When their business took off, I was relieved that my intuition had apparently been wrong. Soon they had accumulated lots of capital and began investing in real estate. Although I again felt a sense of foreboding about this, I attributed my uneasiness to my risk-averse nature. Maybe Simcha and Nachi would end up like all the other families I knew who went into business together for whom everything turned out fine. And for a time, Simcha was floating on air from his success.

Then one Sunday morning, when Simcha stormed into kollel with bloodshot eyes and a pale countenance, I knew trouble was brewing.

“Simcha, what’s going on?” I asked, dread in the pit of my stomach.

“Pinchas, I made the dumbest decision in my life when I partnered with my brother,” he announced.

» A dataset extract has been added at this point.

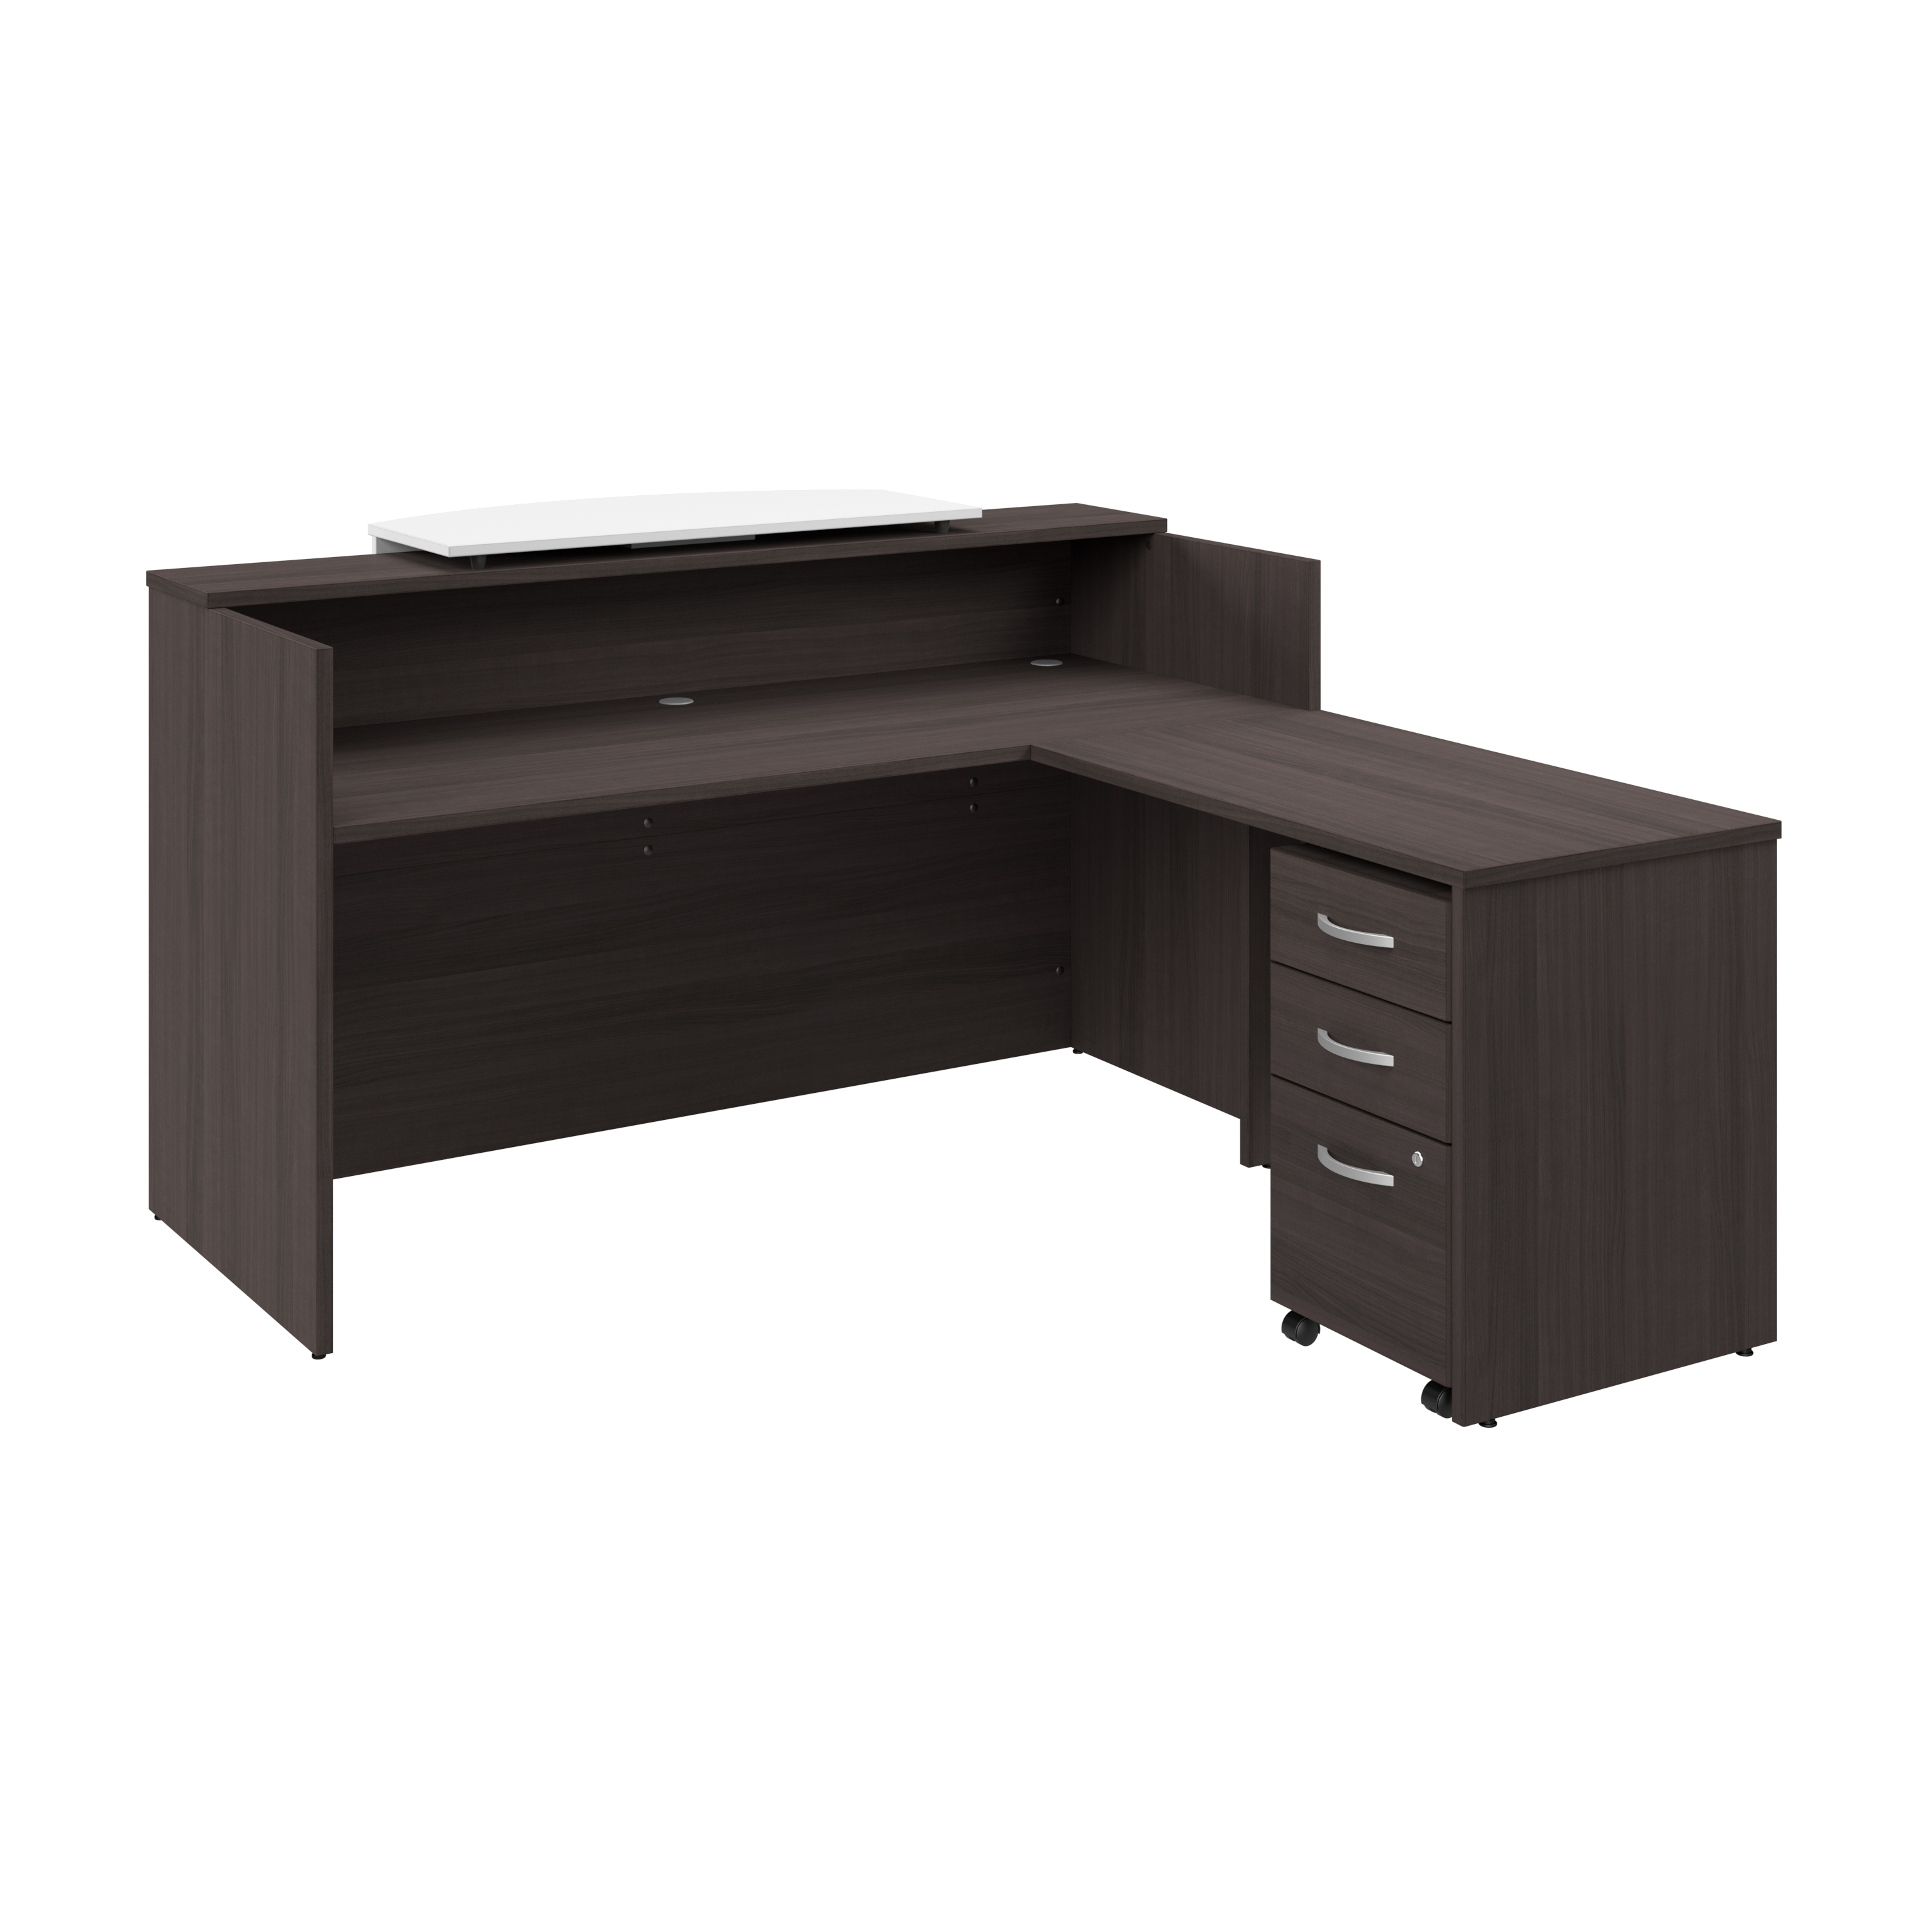 Shop Bush Business Furniture Arrive 72W x 72D L Shaped Reception Desk with Counter and Mobile File Cabinet 02 ARV010SG #color_storm gray

The entire story spilled out of him in a rush.

“Our business was doing so well over the last few months. Nachi felt it was time for us to expand, operate on a larger scale. But we’d need to invest all our profits, and then some. It was a big risk, all or nothing. I was afraid it would backfire. If the expansion didn’t make money, we would be left without a penny.”

Simcha lowered his gaze, furrowed his brow, then continued, “We had a huge fight. Nachi said I was not thinking ahead, only looking at the short-term. We both lost our heads. We said things in the heat of the moment that we both regret. Things did not end on a good note.”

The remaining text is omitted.